_What to work on:_
Transcribe the whole listing below without changing a word, but leave out every image.

_Dataset content:_

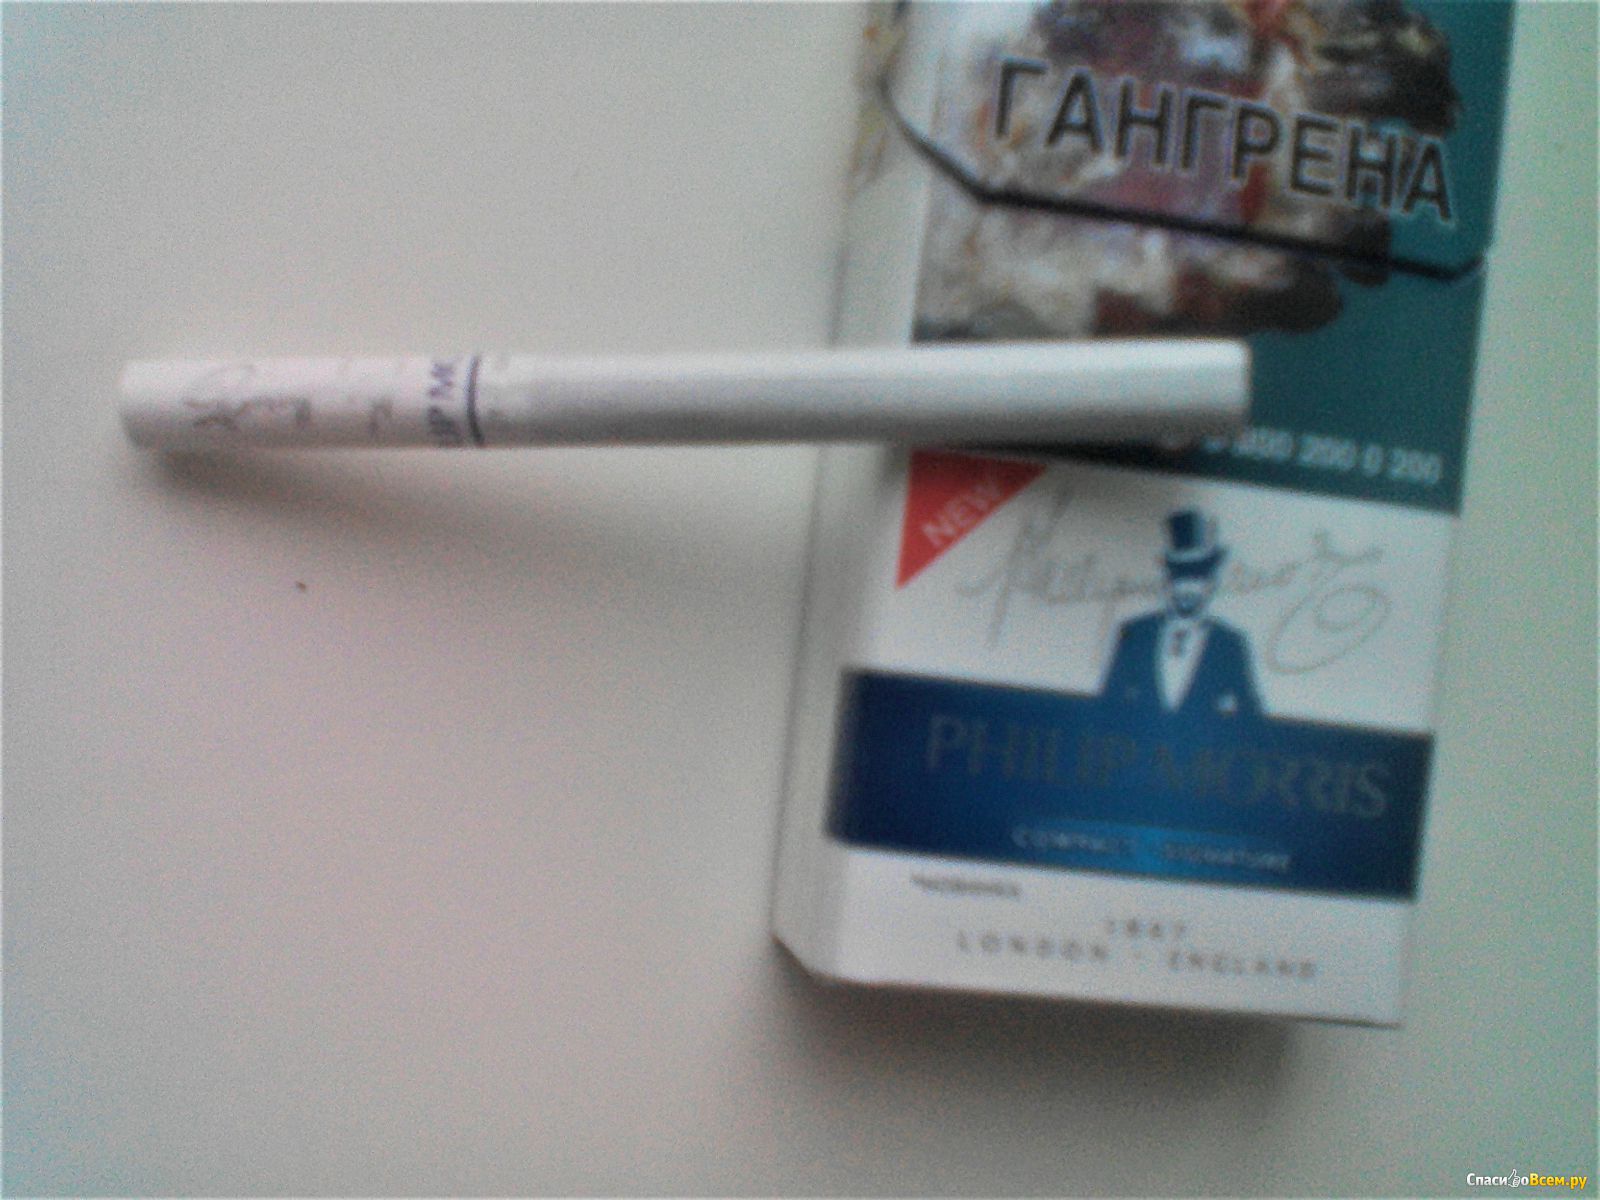 Филип моррис компакт. Сигареты Филип Моррис компакт. Сигареты Philip Morris Compact Blue. Philip Morris Compact Signature.
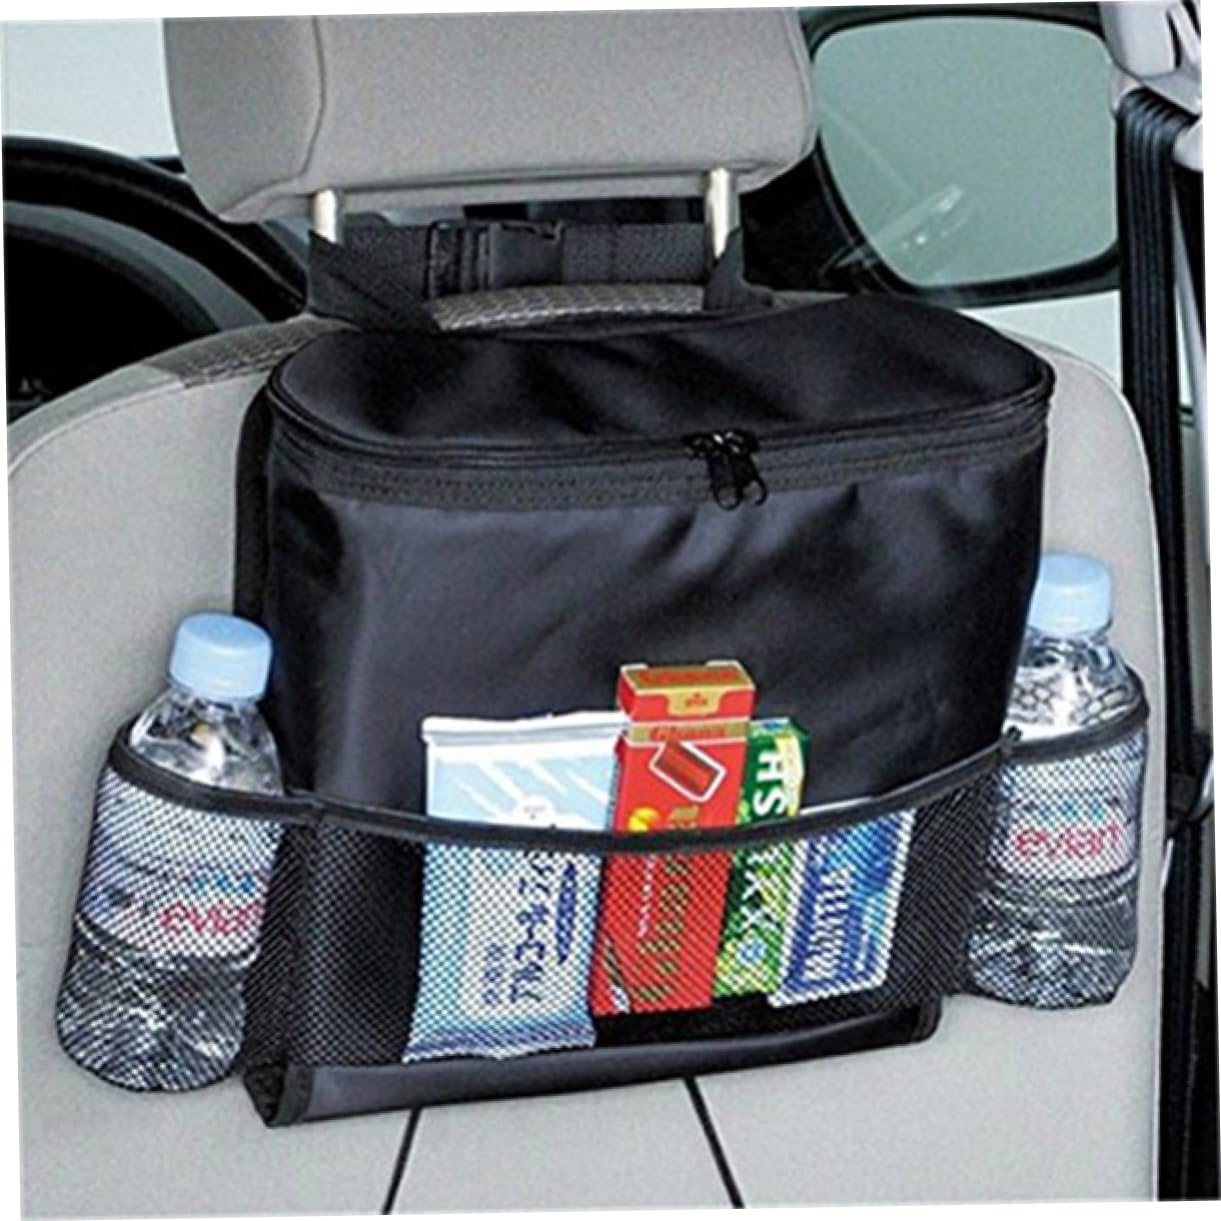 Insulated Holder Backseat Car Cooler Bag Product Details
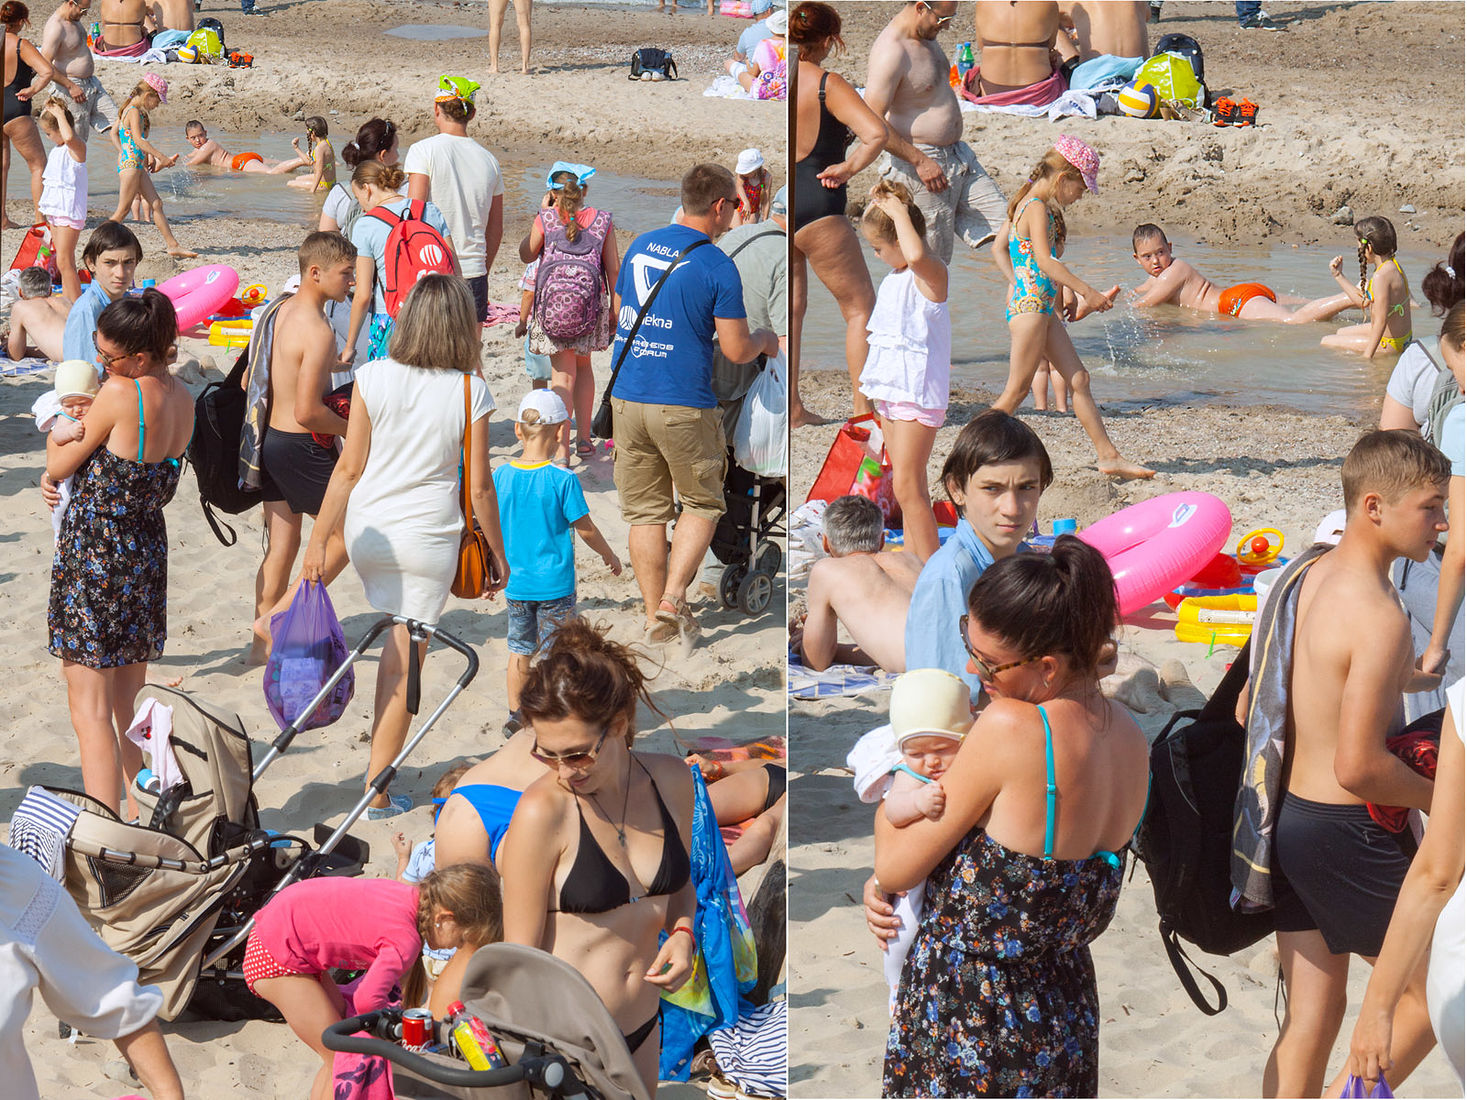 нудиский пляж с голыми детьми фото 71

_Solution to this task:_
 Филип моррис компакт. Сигареты Филип Моррис компакт. Сигареты Philip Morris Compact Blue. Philip Morris Compact Signature.
 Insulated Holder Backseat Car Cooler Bag Product Details
 нудиский пляж с голыми детьми фото 71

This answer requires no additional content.